Oublier fechou com um estranho pesar. Feito isso, Marlene assumiu o semblante de uma boneca de porcelana. Cumprindo um protocolo, o homem esvaziou sua bolsa de seus documentos. Dentro, deixou um espelho que pudesse ser um ponto de partida para uma possível nova vida. Ou ao menos, uma nova existência. Não fizera nada assim antes, mas Marlene...ah, Marlene deslocara algo estranho dentro dele. Gostaria, no íntimo, de ter falhado. Mas isso nunca (jamais!) acontecera antes. Todo mundo saía "deletado" dali.

-Pode ir, moça...

Marlene se levantou, desceu as escadas...andou sem rumo até o sol nascer de novo...foi encontrada por uma vizinha de prédio e conduzida à sua casa. Não diria palavra sequer, tampouco oferecia resistência. Ao fechar a porta atrás de si, já estava informada de se chamar Marlene. Deu de ombros, sentia cansaço. Passou pela cozinha. Uma maçã muito vermelha atraiu seu olhar virgem de registros significativos. O cheiro era bom...comeu a maçã e desabou em sono profundo.
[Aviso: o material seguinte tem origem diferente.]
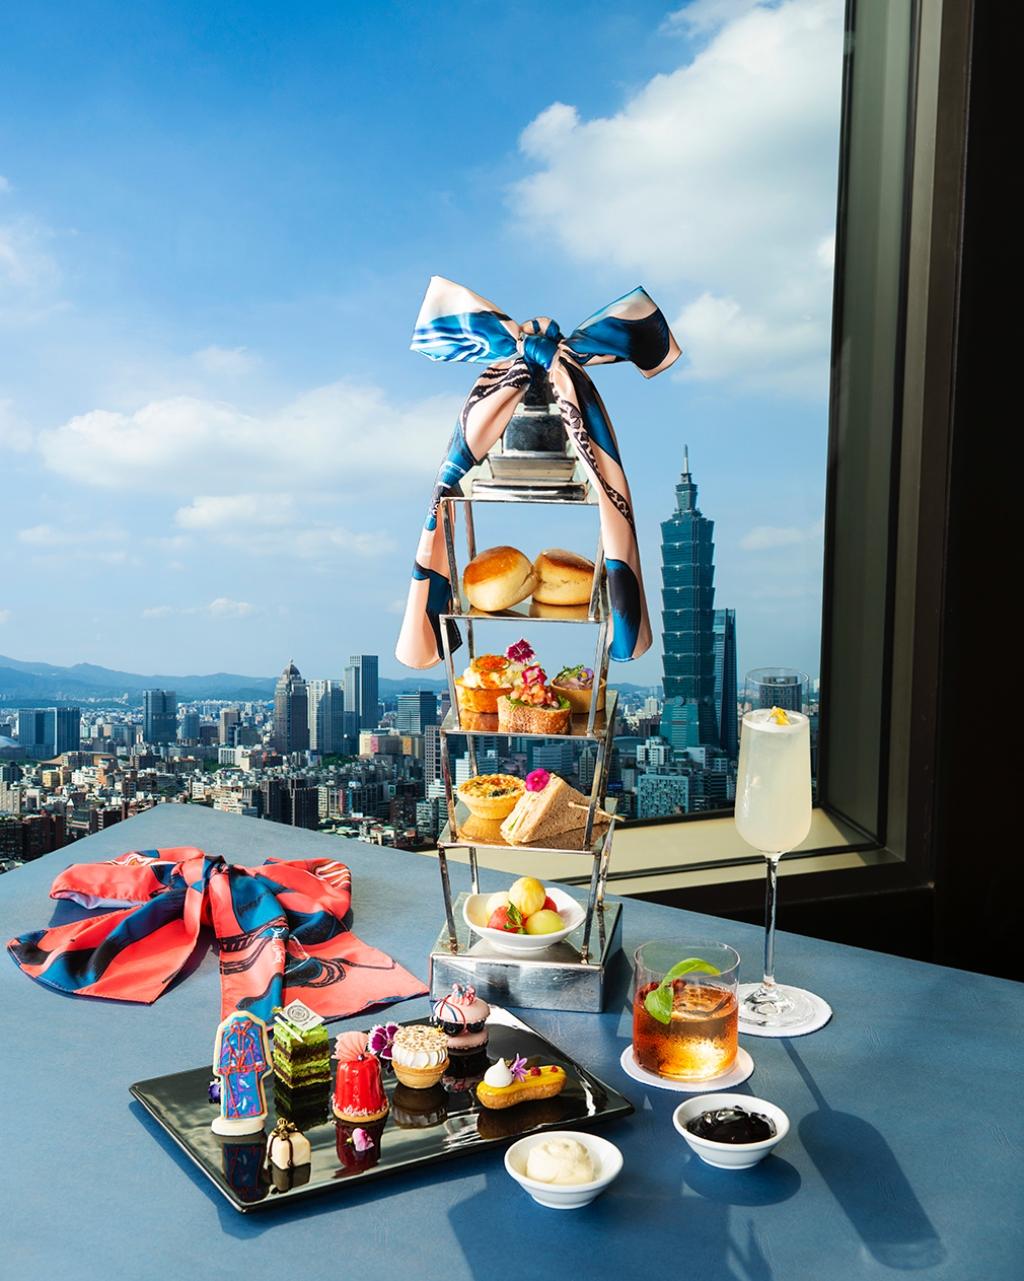 香格里拉台北遠東國際大飯店馬可波羅酒廊期間限定 《marco Polo X Daniel Wong 啟程100 聯名下午茶》
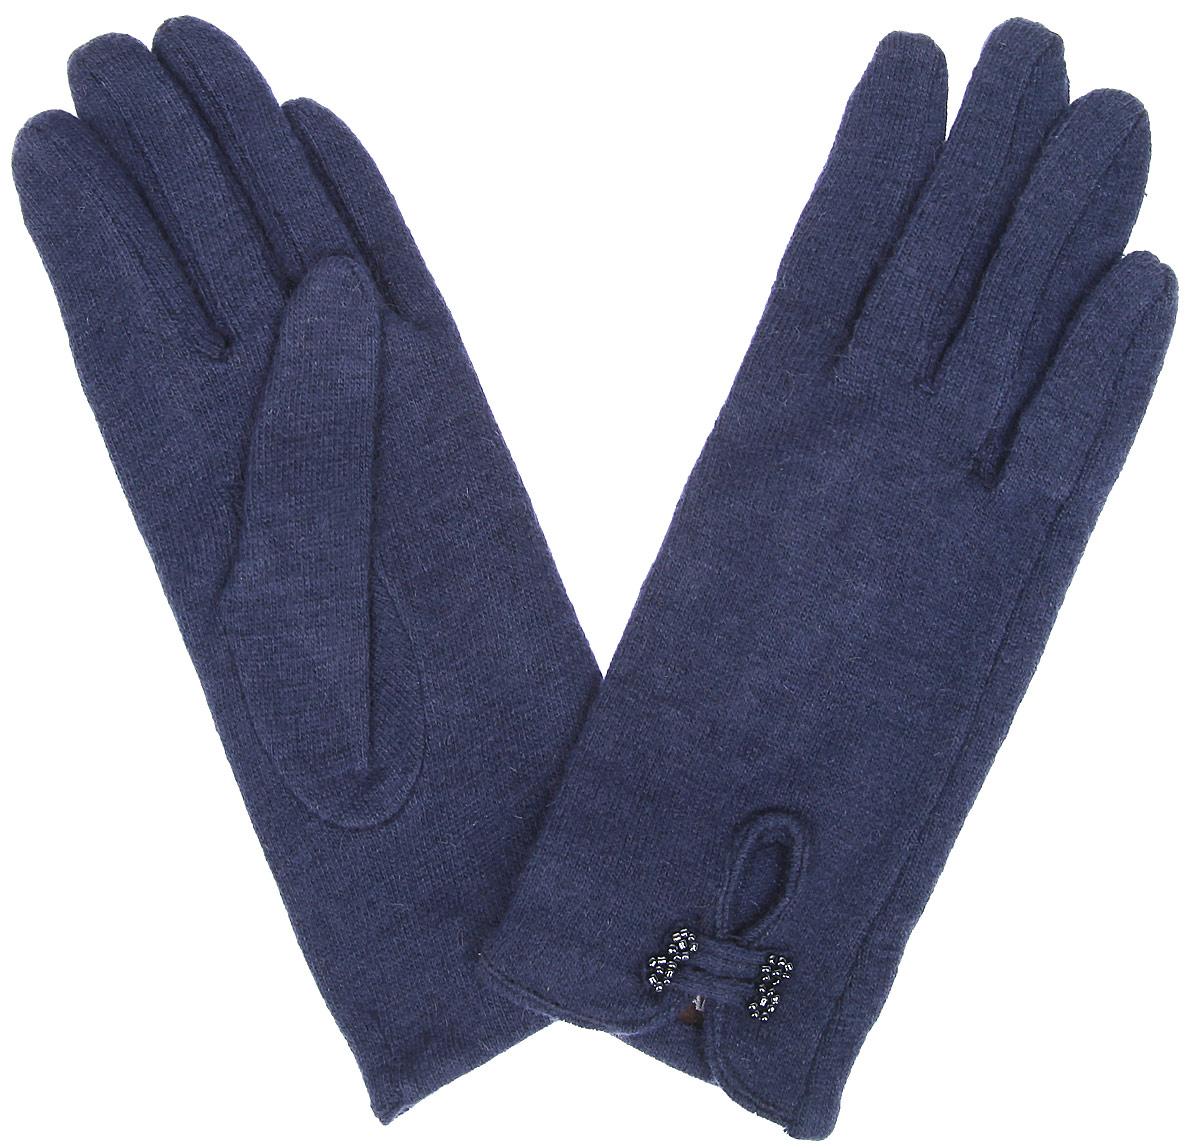 Перчатки женские. LB-PH-55LB-PH-55Стильные женские перчатки Labbra не только защитят ваши руки от холода, но и станут великолепным украшением. Перчатки выполнены из шерсти с добавлением акрила и ангоры. Модель оформлена декоративным вырезом с планками, отделанными бисером. Нижний край перчатки и разрез на лицевой стороне окантованы материалом перчатки. В настоящее время перчатки являются неотъемлемой частью одежды, вместе с этим аксессуаром вы обретаете женственность и элегантность. Перчатки станут завершающим и подчеркивающим элементом вашего стиля и неповторимости.

Do outro lado da cidade, Oublier voltava da praia, onde jogava ao mar os baús dos agoniados que, por décadas, atravessavam sua porta em busca do "alívio". Ao entrar em seu quarto, deu de cara com o de Marlene. Uma semana se passava, e mais outra, e outros baús ganhavam o Oceano...menos o de Marlene. Às vezes, abria-o para sentir o cheiro da história daquela mulher tão...tão sabe-se lá, encantadora, talvez...As histórias contadas ganhavam forma material dentro daquelas caixinhas. Oublier não conseguia se privar do prazer de acarinhar um pedaço vermelho de fita de cetim...ou um sachê de chá de frutas cítricas...ou de ouvir aquela música que representara um dia, para aquela bela dama cansada,toda a dor do mundo. O que o "infalível" não sabia é que, cada visita ao museu particular daquela mulher, representava uma "fuga" das memórias retidas. Marlene voltava a se encantar por novas fitas, e numa manhã chuvosa, testava, pela "primeira vez", uma receita de maçã do amor...ao som de lindas músicas. Ao menos dele, ela não se lembrava...até então.